Author Profile

Jenna A. Robinson

Jenna Robinson is president of the James G. Martin Center for Academic Renewal. She joined the Martin Center in January 2007 as campus outreach coordinator and later became the center’s director of outreach. She was previously the E.A. Morris Fellowship assistant at the John Locke Foundation, where she had worked since 2001.

Robinson serves on the board of the Alumni Free Speech Alliance, the UNC Alumni Free Speech Alliance, the steering committee of the Bastiat Society of Raleigh, and as a member of the Board of Visitors at UNC-Chapel Hill. She has previously served as a member of the North Carolina Longitudinal Data System Board, the North Carolina Advisory Committee for the U.S. Commission on Civil Rights, and the Classical Liberals in the Carolinas.

Robinson earned her bachelor’s degree from NC State University. She received her M.A. and Ph.D. in political science from the University of North Carolina at Chapel Hill. Robinson is also a graduate of the Koch Associate Program. She has taught courses in American politics at UNC-Chapel Hill, Southeastern Baptist Theological Seminary, and Wake Technical Community College.

Robinson’s work has appeared in Investor’s Business Daily, Roll Call, Forbes, American Thinker, Human Events, Carolina Journal, and the Raleigh News & Observer. She lives in Cary, NC, with her husband and two sons.

Articles by Jenna A. Robinson


Is Leftist Bias on College Campuses a Myth?

Conventional wisdom has long claimed that campuses are hotbeds of leftist thought with professors far more likely to be Marxists than Republicans. Recent research has taken steps to substantiate these claims. Eight separate studies of faculty politics and campus climate have demonstrated that professors with a leftist philosophy vastly outnumber those with a conservative or libertarian philosophy at four-year universities across the nation.

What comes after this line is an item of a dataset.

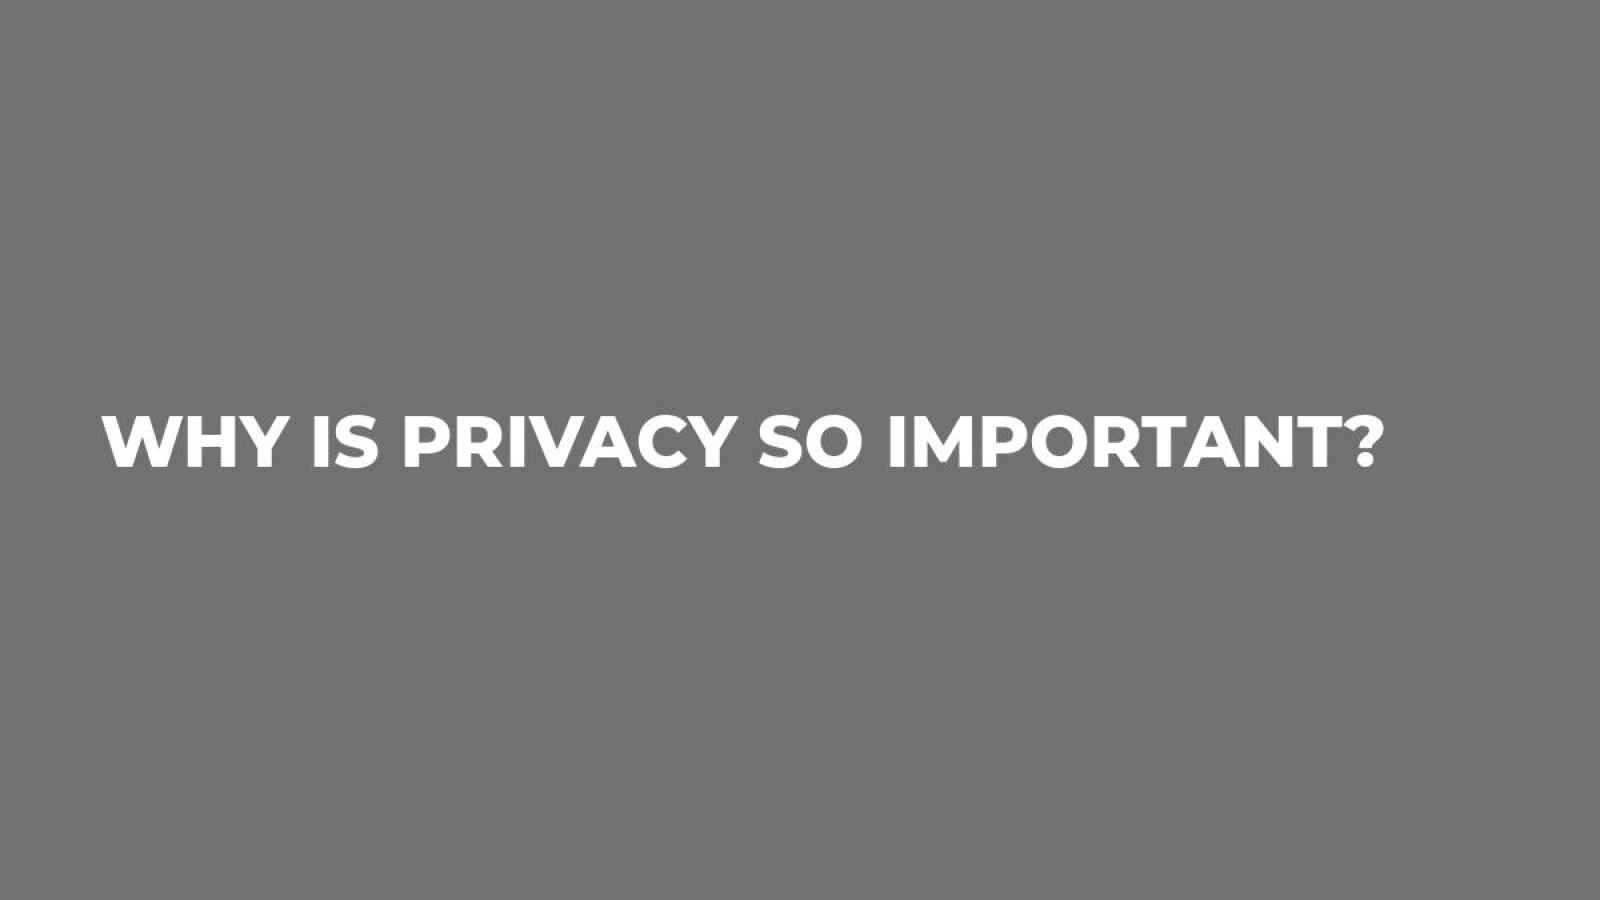 Why is Privacy so important?

The various studies address two major themes: that faculty members are liberal and that their liberal inclinations can affect classroom performance.

Now, a new study conducted by John B. Lee for the American Federation of Teachers concludes that those studies documenting liberal bias on campus might be incorrect, or at least inconclusive. “The ‘Faculty Bias’ Studies: Science or Propaganda,” takes eight of the recent studies on faculty politics and judges them by five general tests of social science research. According to Lee, “basic methodological flaws keep a critical reader from accepting the conclusions suggested by the authors.”

Unfortunately, Lee misses the point. Instead of refuting the results, Lee devotes his time to dissecting the methods employed by the researchers who have found evidence of leftist domination. Quibbling over details shouldn’t detract from the seriousness of the problem. Whether the number of professors who use their classrooms to peddle their own socio-political views is in the millions or in single digits, it shouldn’t be tolerated at all.